Executing Prepared SQL Statements
The SQL statement is executed with the statement
EXEC SQL EXECUTE cursor [opt-using ] [opt-into ]
The optional opt-using specification has the syntax
USING (variable-list)
where variable-list contains a list of procedure variables or parameters separated by a comma. These variables are input parameters for the SQL statement. The SQL input parameters are marked with the standard question mark syntax in the prepare statement. If the SQL statement has no input parameters, the USING specification is ignored.
The optional opt-into specification has the syntax
INTO (variable-list)
where variable-list contains the variables that the column values of the SQL SELECT statement are stored into. The INTO specification is effective only for SQL SELECT statements.
Fetching Results
Rows are fetched with the statement
EXEC SQL FETCH cursor
If the fetch completed successfully, the column values are stored into the variables defined in the opt-into specification.
Checking for Errors
The result of each EXEC SQL statement executed inside a procedure body is stored into the variable SQLSUCCESS. This variable is automatically generated for every procedure. If the previous SQL statement was successful, a value one is stored into SQLSUCCESS. After a failed SQL statement, a value zero is stored into SQLSUCCESS.
EXEC SQL WHENEVER SQLERROR [ROLLBACK [WORK],] ABORT
is used to decrease the need for IF NOT SQLSUCCESS THEN tests after every executed SQL statement in a procedure. When this statement is included in a stored procedure all return values of executed statements are checked for errors. If statement execution returns an error, the procedure is automatically aborted. Optionally the transaction can be rolled back.

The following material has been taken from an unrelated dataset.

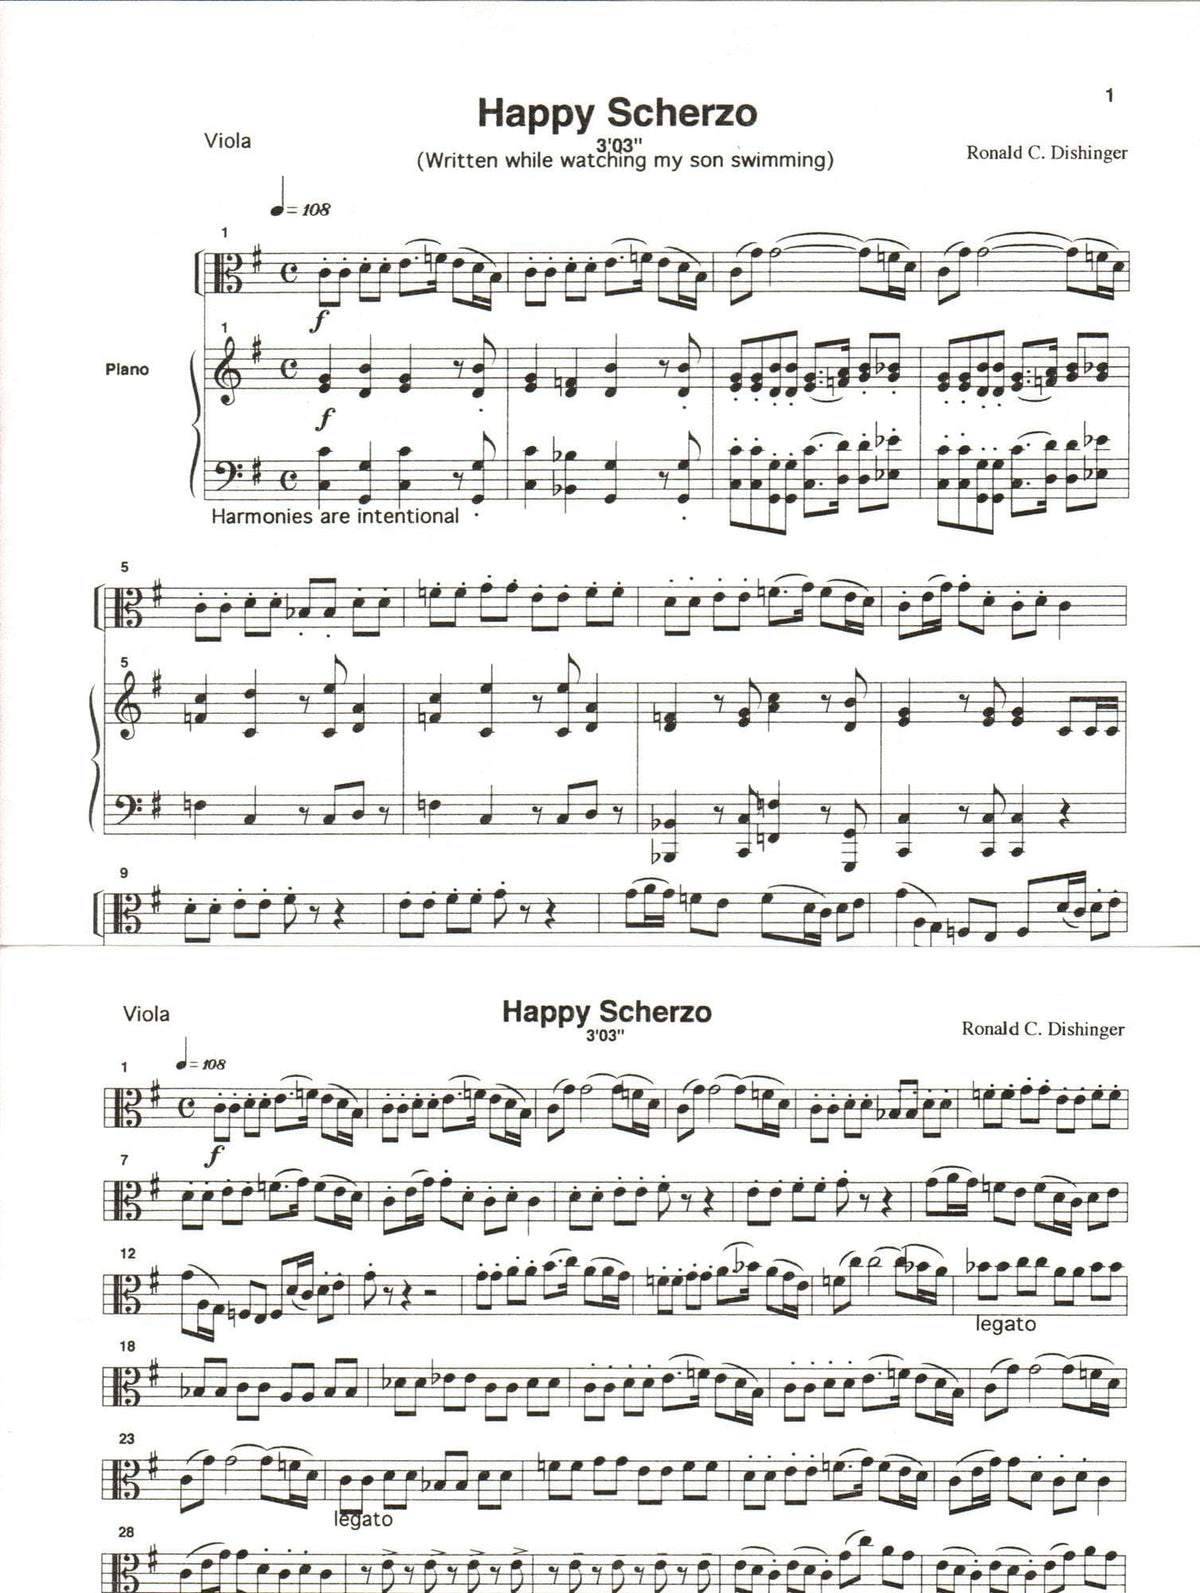 Dishinger, Ronald - Happy Scherzo - for Viola and Piano - Medici Music Press

This statement can be used with SOLID Server Version 2.2 or later.
Using Transactions
EXEC SQL {COMMIT | ROLLBACK} WORK
is used to terminate transactions.
EXEC SQL SET TRANSACTION {READ ONLY | READ WRITE}
is used to control the type of transactions.
Using Sequencer Objects and Event Alerts
Refer to the usage of the CREATE SEQUENCE and CREATE EVENT statements.
create procedure "test2(tableid integer)
returns (cnt integer)
begin
exec sql prepare c1 select count(*) from
sys_tables where id > ?;
exec sql execute c1 using (tableid) into
(cnt);
exec sql fetch c1;
end";
-- This procedure can only be used with SOLID Server -- version 2.2 or later. create procedure "return_tables
returns (name varchar)
begin
exec sql whenever sqlerror rollback, abort;
exec sql prepare c1 select table_name
from sys_tables;
exec sql execute c1 into (name);
while sqlsuccess loop
exec sql fetch c1;
return row;
end loop;
end";
CREATE ROLE
CREATE ROLE role-name
Creates a new user role.
CREATE ROLE GUEST_USERS;
CREATE SEQUENCE
CREATE [DENSE] SEQUENCE sequence-name
Sequencer objects are objects that are used to get sequence numbers.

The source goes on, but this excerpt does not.